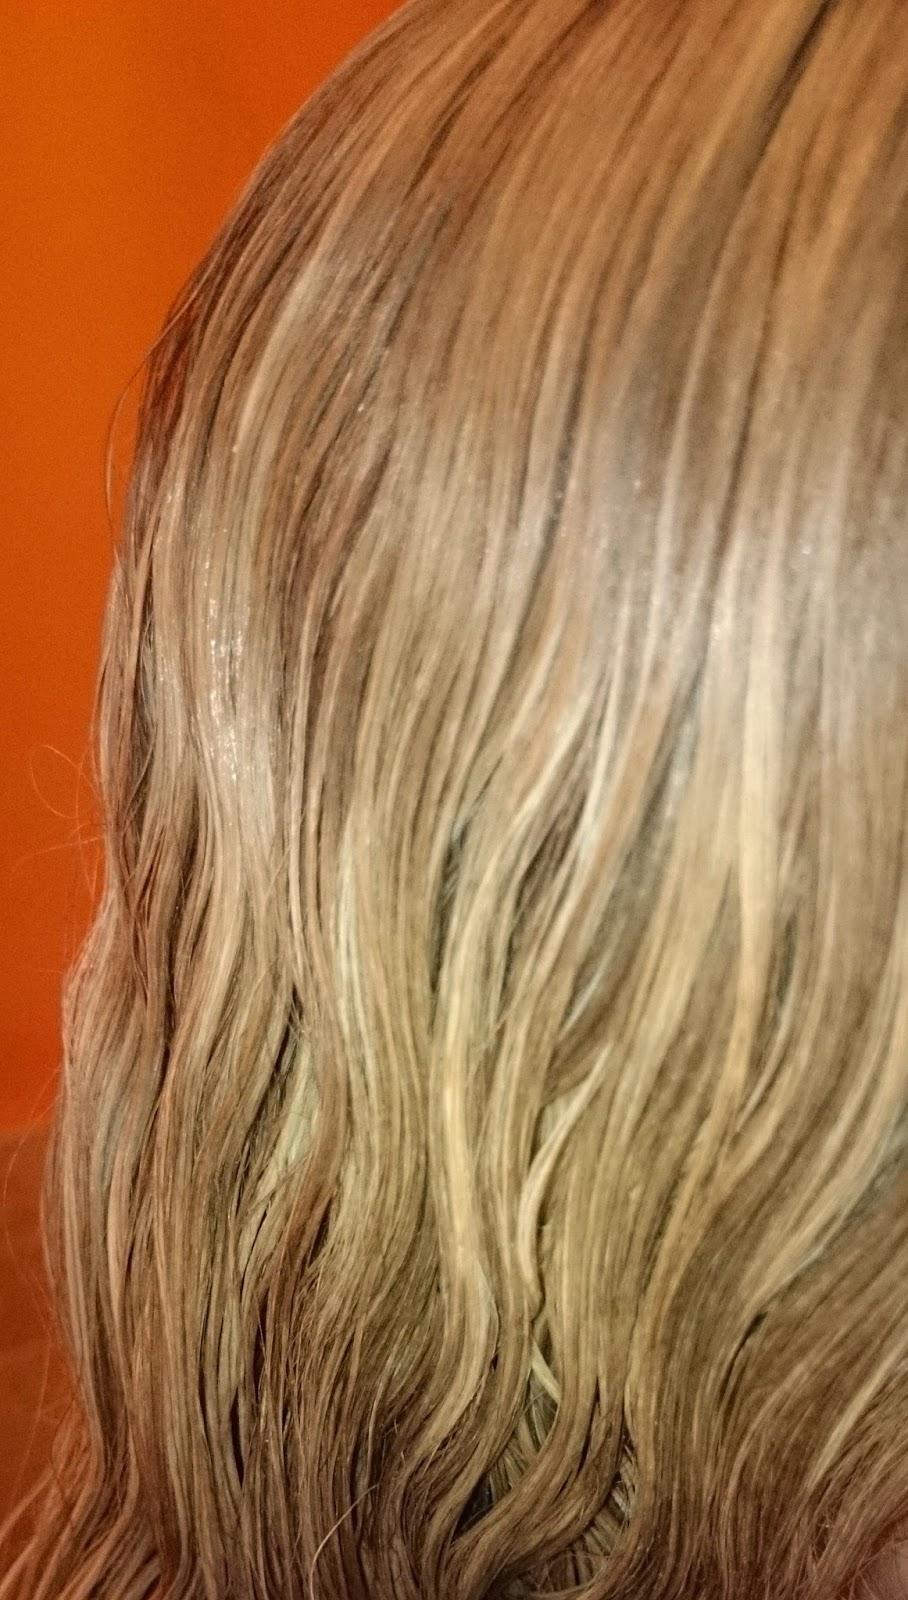 l'oreal preference glam highlights kit hair dye home DIY
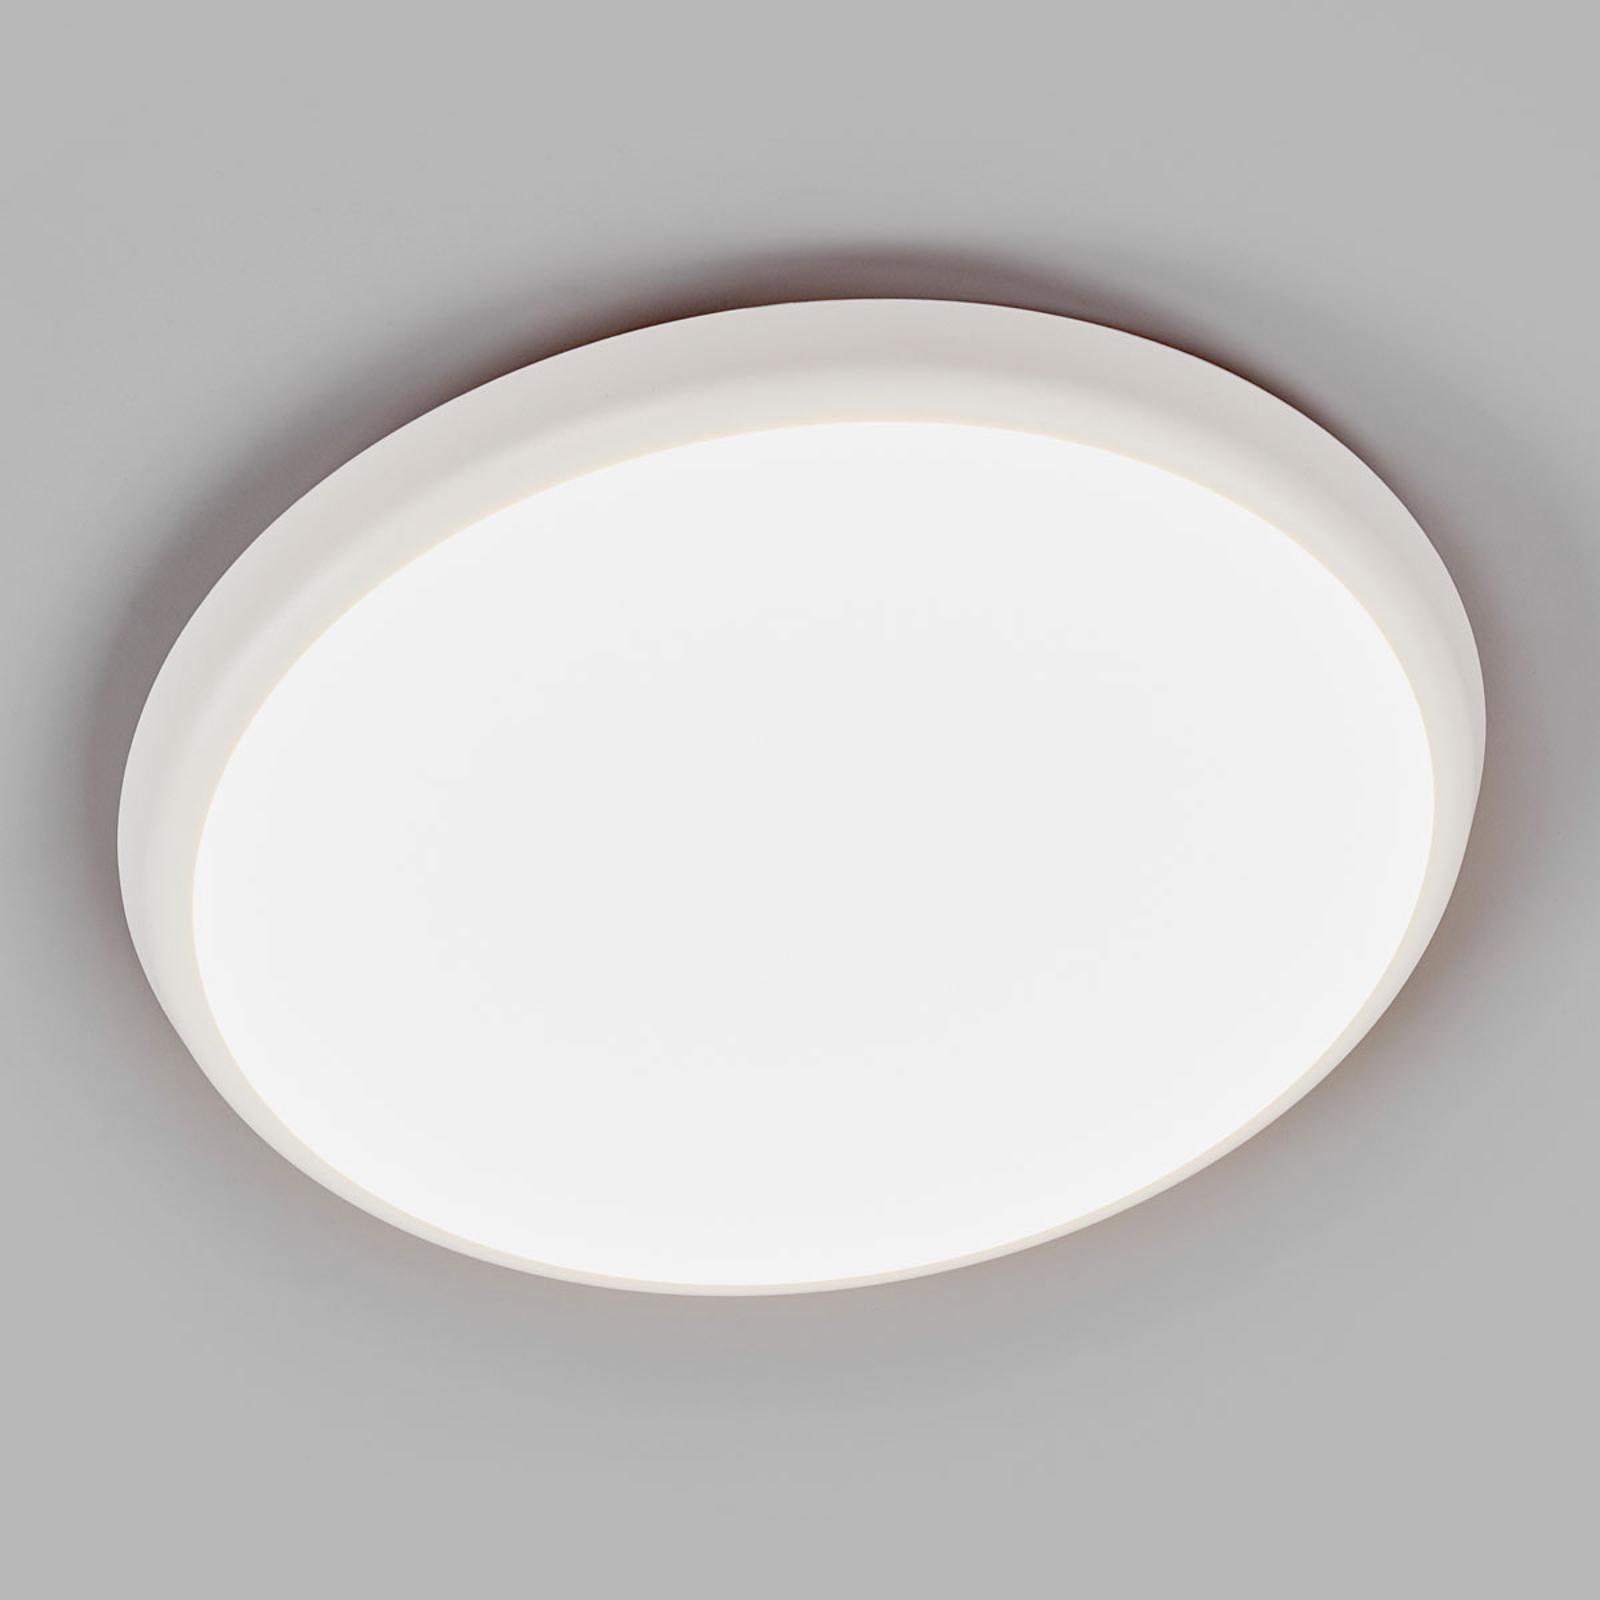 Eenvoudige LED plafondlamp Augustin, 30 cm
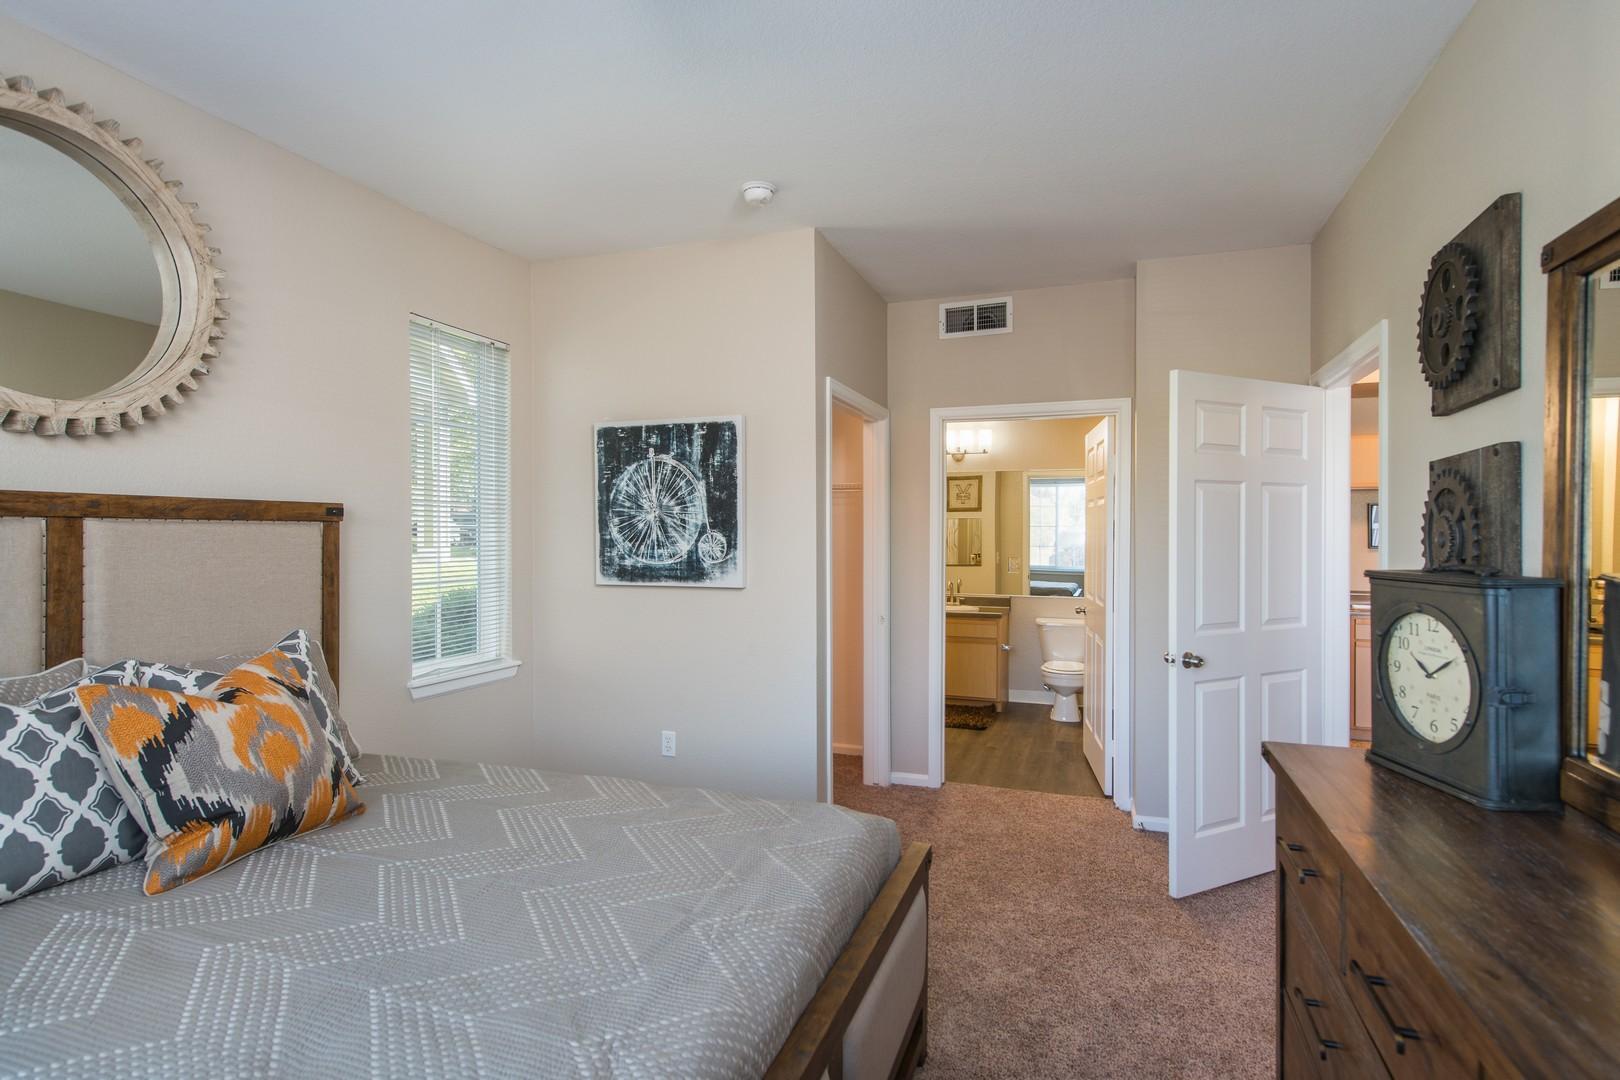 Peakview At T Bone Ranch Apartments Greeley Co Walk Score
##############################
§ **What you will do**: Would you retype the listing above exactly, omitting its pictures?

§ **Response below**:
 l'oreal preference glam highlights kit hair dye home DIY
 Eenvoudige LED plafondlamp Augustin, 30 cm
 Peakview At T Bone Ranch Apartments Greeley Co Walk Score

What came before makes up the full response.